Problem to solve
Beginning at the line containing "Image result for crewsaders game" in the material below and ending at the line containing "Bianca Balti身穿Dre低腰合身款Boyfriend Jeans。圖/...", return each line exactly and add nothing.

Dataset content
═══
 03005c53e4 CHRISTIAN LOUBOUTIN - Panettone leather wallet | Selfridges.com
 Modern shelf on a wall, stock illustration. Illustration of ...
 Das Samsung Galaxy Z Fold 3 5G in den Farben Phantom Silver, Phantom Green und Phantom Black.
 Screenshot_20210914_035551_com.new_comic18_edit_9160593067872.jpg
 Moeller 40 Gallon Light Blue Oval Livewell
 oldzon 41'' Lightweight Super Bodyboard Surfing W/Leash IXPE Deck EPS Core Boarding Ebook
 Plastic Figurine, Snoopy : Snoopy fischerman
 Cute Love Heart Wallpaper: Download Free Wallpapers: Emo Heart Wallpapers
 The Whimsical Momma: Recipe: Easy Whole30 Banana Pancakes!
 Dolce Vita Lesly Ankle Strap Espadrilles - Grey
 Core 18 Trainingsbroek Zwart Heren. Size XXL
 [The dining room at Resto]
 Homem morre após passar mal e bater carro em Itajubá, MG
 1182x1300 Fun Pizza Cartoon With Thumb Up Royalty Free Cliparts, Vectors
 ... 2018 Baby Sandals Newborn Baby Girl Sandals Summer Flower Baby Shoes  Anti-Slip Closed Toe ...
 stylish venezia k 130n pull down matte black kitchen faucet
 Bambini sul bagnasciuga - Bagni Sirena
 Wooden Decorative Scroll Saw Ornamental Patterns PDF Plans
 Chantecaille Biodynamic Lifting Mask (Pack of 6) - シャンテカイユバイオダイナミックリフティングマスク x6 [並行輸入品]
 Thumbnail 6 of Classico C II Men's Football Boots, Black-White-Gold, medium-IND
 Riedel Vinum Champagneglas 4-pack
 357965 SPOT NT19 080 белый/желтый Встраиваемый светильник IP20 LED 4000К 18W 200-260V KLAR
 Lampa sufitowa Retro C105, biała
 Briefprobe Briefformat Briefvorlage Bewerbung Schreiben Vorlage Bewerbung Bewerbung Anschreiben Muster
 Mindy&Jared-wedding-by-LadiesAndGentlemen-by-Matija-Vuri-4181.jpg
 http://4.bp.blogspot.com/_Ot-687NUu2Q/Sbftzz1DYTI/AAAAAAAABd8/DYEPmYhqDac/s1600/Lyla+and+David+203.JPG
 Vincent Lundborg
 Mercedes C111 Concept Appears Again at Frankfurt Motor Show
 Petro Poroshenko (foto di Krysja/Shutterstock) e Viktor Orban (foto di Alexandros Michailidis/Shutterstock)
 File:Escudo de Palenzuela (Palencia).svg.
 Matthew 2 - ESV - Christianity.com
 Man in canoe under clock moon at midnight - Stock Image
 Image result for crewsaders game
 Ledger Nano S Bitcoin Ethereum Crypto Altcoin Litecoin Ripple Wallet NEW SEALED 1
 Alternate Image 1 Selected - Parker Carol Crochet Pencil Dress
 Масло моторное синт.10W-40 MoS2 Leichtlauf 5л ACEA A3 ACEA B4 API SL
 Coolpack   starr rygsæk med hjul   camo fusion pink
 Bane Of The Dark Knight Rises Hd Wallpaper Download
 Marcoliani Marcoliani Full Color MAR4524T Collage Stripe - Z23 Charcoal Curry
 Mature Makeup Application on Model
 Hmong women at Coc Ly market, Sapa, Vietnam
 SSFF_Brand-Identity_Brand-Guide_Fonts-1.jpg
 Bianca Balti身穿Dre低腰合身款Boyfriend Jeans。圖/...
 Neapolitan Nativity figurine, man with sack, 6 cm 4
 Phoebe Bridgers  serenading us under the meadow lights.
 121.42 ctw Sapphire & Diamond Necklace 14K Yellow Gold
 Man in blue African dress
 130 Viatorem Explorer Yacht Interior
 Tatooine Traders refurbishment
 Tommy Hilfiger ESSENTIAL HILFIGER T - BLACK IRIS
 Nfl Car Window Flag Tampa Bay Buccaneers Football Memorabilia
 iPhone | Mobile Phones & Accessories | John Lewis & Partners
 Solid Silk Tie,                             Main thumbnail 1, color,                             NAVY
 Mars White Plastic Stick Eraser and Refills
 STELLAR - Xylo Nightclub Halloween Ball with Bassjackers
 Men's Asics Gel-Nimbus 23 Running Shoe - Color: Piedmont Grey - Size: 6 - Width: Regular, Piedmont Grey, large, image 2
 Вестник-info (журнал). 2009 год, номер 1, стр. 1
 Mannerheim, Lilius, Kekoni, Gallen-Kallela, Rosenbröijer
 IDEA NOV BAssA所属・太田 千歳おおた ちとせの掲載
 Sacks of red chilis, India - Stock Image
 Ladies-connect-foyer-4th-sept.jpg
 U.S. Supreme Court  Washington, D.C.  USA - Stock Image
═══
Written response
 Image result for crewsaders game
 Ledger Nano S Bitcoin Ethereum Crypto Altcoin Litecoin Ripple Wallet NEW SEALED 1
 Alternate Image 1 Selected - Parker Carol Crochet Pencil Dress
 Масло моторное синт.10W-40 MoS2 Leichtlauf 5л ACEA A3 ACEA B4 API SL
 Coolpack   starr rygsæk med hjul   camo fusion pink
 Bane Of The Dark Knight Rises Hd Wallpaper Download
 Marcoliani Marcoliani Full Color MAR4524T Collage Stripe - Z23 Charcoal Curry
 Mature Makeup Application on Model
 Hmong women at Coc Ly market, Sapa, Vietnam
 SSFF_Brand-Identity_Brand-Guide_Fonts-1.jpg
 Bianca Balti身穿Dre低腰合身款Boyfriend Jeans。圖/...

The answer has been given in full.